#2

Post
by **Papapetros Vaggelis** » Fri Jul 07, 2017 2:26 pm

It's obvious that \(\displaystyle{d}\) is a metric.

**i.** Let \(\displaystyle{\epsilon>0}\). There exists \(\displaystyle{n_0\in\mathbb{N}}\) such

that \(\displaystyle{\dfrac{2}{n_0}<\epsilon}\). Then, for every \(\displaystyle{n\,,m\in\mathbb{N}}\)

such that \(\displaystyle{n\,,m\geq n_0}\) holds

\(\displaystyle{d(a_n,a_m)=\left|\dfrac{1}{n}-\dfrac{1}{m}\right|\leq \dfrac{1}{n}+\dfrac{1}{m}\leq \dfrac{1}{n_0}+\dfrac{1}{n_0}=\dfrac{2}{n_0}<\epsilon}\)

So, the sequence \(\displaystyle{\left(a_n=n\right)_{n\in\mathbb{N}}}\) is a Cauchy one.

**ii.** The answer is negative.

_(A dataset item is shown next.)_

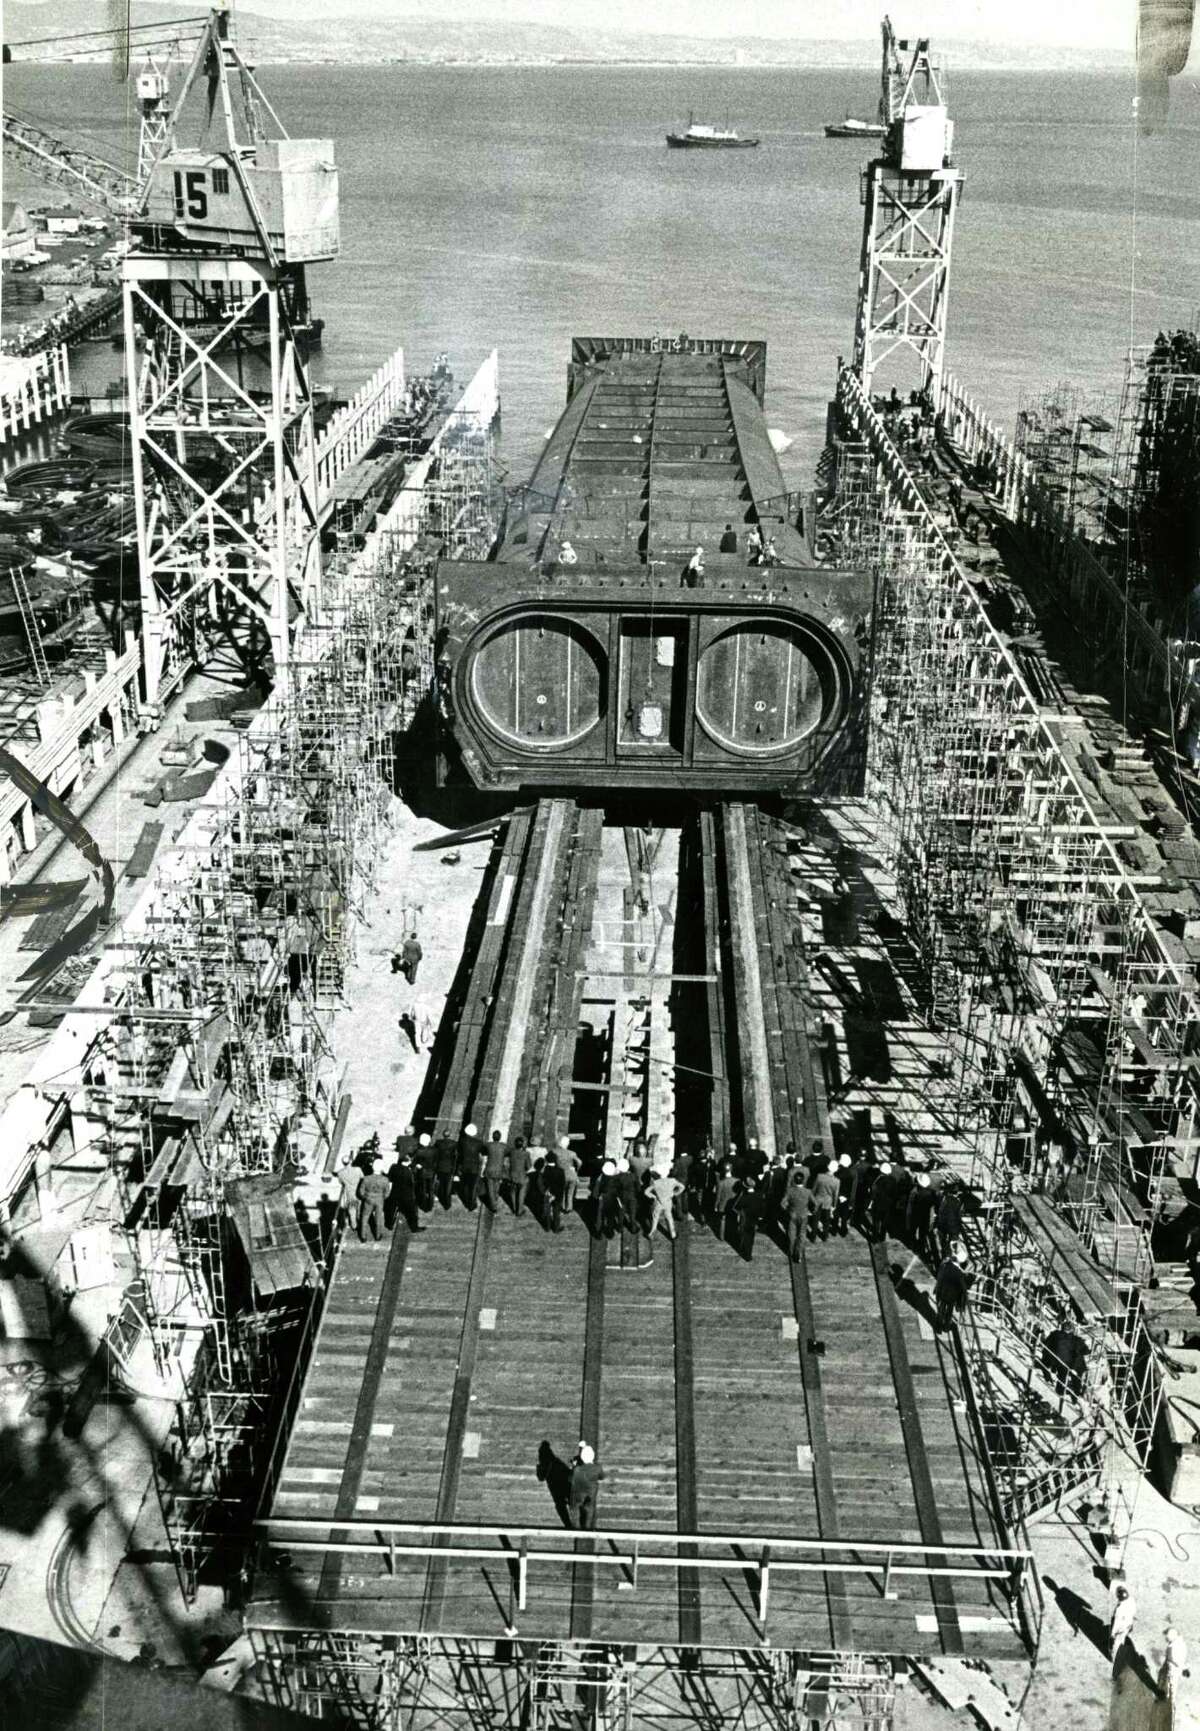 Sept. 7, 1966: A BART Transbay Tube segment built by Bethlehem Steel in San Francisco slides into the Bay. The transit agency used a 57 segments to build the underwater tube.

If \(\displaystyle{b_n=\dfrac{1}{n}\,,n\in\mathbb{N}}\),

we observe that

\(\displaystyle{d(b_n,b_{n+1})=\left|n-(n+1)\right|=1\,,\forall\,n\in\mathbb{N}}\).

**iii.** Let \(\displaystyle{\left(a_{n}\right)_{n\in\mathbb{N}}}\) be a sequence of \(\displaystyle{\mathbb{R}^{+}}\).

Suppose that \(\displaystyle{a_{n}\stackrel{d}{\to} a>0}\), that is

\(\displaystyle{d(a_n,a)\to 0\iff \left|\dfrac{1}{a_n}-\dfrac{1}{a}\right|\to 0}\), which means that

\(\displaystyle{\dfrac{1}{a_n}\stackrel{|\cdot|}{\to}\dfrac{1}{a}\implies a_n\stackrel{|\cdot|}{\to}a}\)

Similarly,

if \(\displaystyle{a_n\stackrel{|\cdot|}{\to}a}\), then \(\displaystyle{a_n\stackrel{d}{\to}a}\).